Mrishta Brizmohun Appayya1, Harbir Singh Sidhu2,3, Nikolaos Dikaios2, Edward William Johnston2,3, Lucy Simmons4, Alex Freeman5, Alex Kirkham3, Hashim Uddin Ahmed4, and Shonit Punwani2,3
1Department of Radiology, Erasme Hospital, Universite Libre de Bruxelles, Brussels, Belgium, 2Centre for Medical Imaging, University College of London, London, United Kingdom, 3Department of Radiology, University College London Hospital, London, United Kingdom, 4Division of Surgery and Interventional Science, University College London Hospital, London, United Kingdom, 5Department of Pathology, University College London Hospital, London, United Kingdom
Synopsis
Despite the strong potential of multi-parametric
MRI (mpMRI) in prostate cancer detection, 37% of prostate mp-MRI are Likert-scored
3/5, which are indeterminate for the presence of significant cancer. In this study, we assessed whether quantitative
analysis of PSA, gland volume, volume-adjusted PSA density, PIRADS rescoring of Likert 3/5
lesions and qualitative prostate mpMRI descriptors could better characterise equivocal
prostate lesions within the peripheral. We found that discontinuous signal
changes on qualitative mpMRI were associated with clinically non-significant
cancer; PIRADS rescoring did not appropriately categorise patients with clinically
significant cancer.

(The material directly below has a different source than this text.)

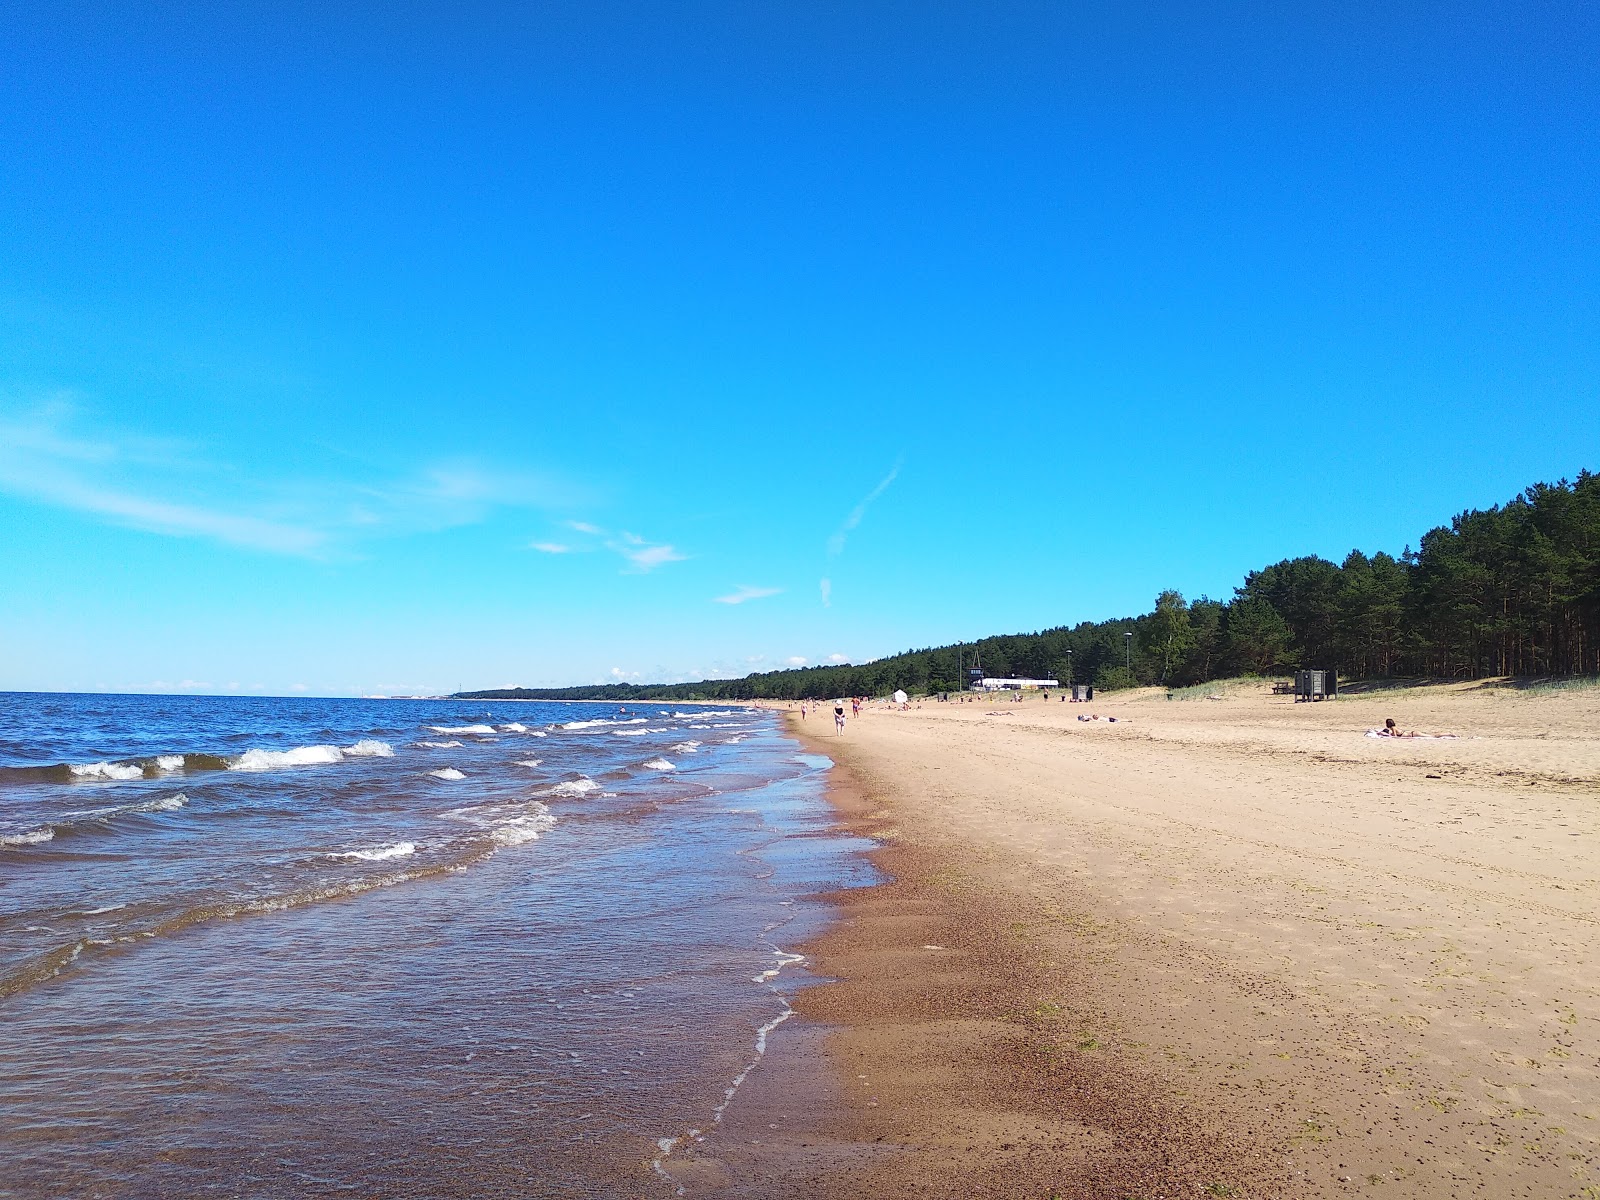 Zdjęcie Saulkrasti beach II z powierzchnią jasny piasek

Conversely, PSA density was the most statistically
significant discriminator (p=0.0040).Purpose
The main aim
of this study is to characterize the indeterminate Likert-scored 3/5 lesions within the peripheral zone (PZ) of
the prostate on mpMRI by (i) quantitative analysis of serum Prostate-Specific
Antigen (PSA), prostate gland volume and PSA density, (ii) the application of
the latest PIRADS scoring system to the Likert-scored 3/5 lesions, and (iii) qualitative
mpMRI morphological descriptors.
Methods
Study population: 330 men enrolled in the PICTURE study 1 underwent mpMRI of the prostate which were
all prospectively scored on a Likert scale by a radiologist (Reader A) with 8
years of experience blinded to histopathological results. Inclusion criteria: Patients with a score of 3/5 within the PZ, on
prostate mpMRI (T2, DWI with b2000 weighted imaging, ADC map and DCE) at 3T
with a pelvic-phased array coil and
in whom twenty-zone trans-perineal template prostate mapping biopsy 2,3 combined to any additional MRI-targeted
index lesion biopsies were performed. This was our standard reference test. The
exclusion criteria are illustrated
in Figure 1. The presence of any Gleason 4 pattern or higher (Gleason ≥7), in
the PZ was considered as clinically significant 4.
PSA
density was calculated by
the quotient of serum PSA over the MRI-calculated whole gland volume 5.
PIRADS
rescoring: A second radiologist
(Reader B), with 4 years of experience retrospectively read and re-scored the
previously reported Likert 3/5 PZ lesions from Reader A, by using the latest
version of PIRADS_v2 6, blinded to histopathology.
Qualitative
mpMRI assessment:
Reader B also qualitatively assessed the
Likert 3/5 scored PZ by using the following morphological criteria: (i) focal –
when it occupied <50% of the slice on which it was best seen, (ii) diffuse
continuous – when it occupied >50% of the gland in an uninterrupted fashion
(iii) diffuse discontinuous – when prostate lesions were interspersed by normal
prostate tissue on >50% of the slice.
Statistics
Mann-Whitney test for unpaired data was used to compare the medians of PSA, gland volume and PSA density between the significant and non-significant cancer group. P-value significance of 0.05 was used. Descriptive statistics were used for PIRADS rescoring and qualitative mpMRI assessment. GraphPad statistical software was used for analysis.
Results
118 of 319 men (37%) had their prostate mpMRI prospectively scored 3/5 (3% [11/319] TZ, 34% [107/319] PZ). Their median age and median PSA were respectively 61 years
(interquartile range, IQR [57-66]) and 7.25 ng/dl (IQR [5.03-10.6]).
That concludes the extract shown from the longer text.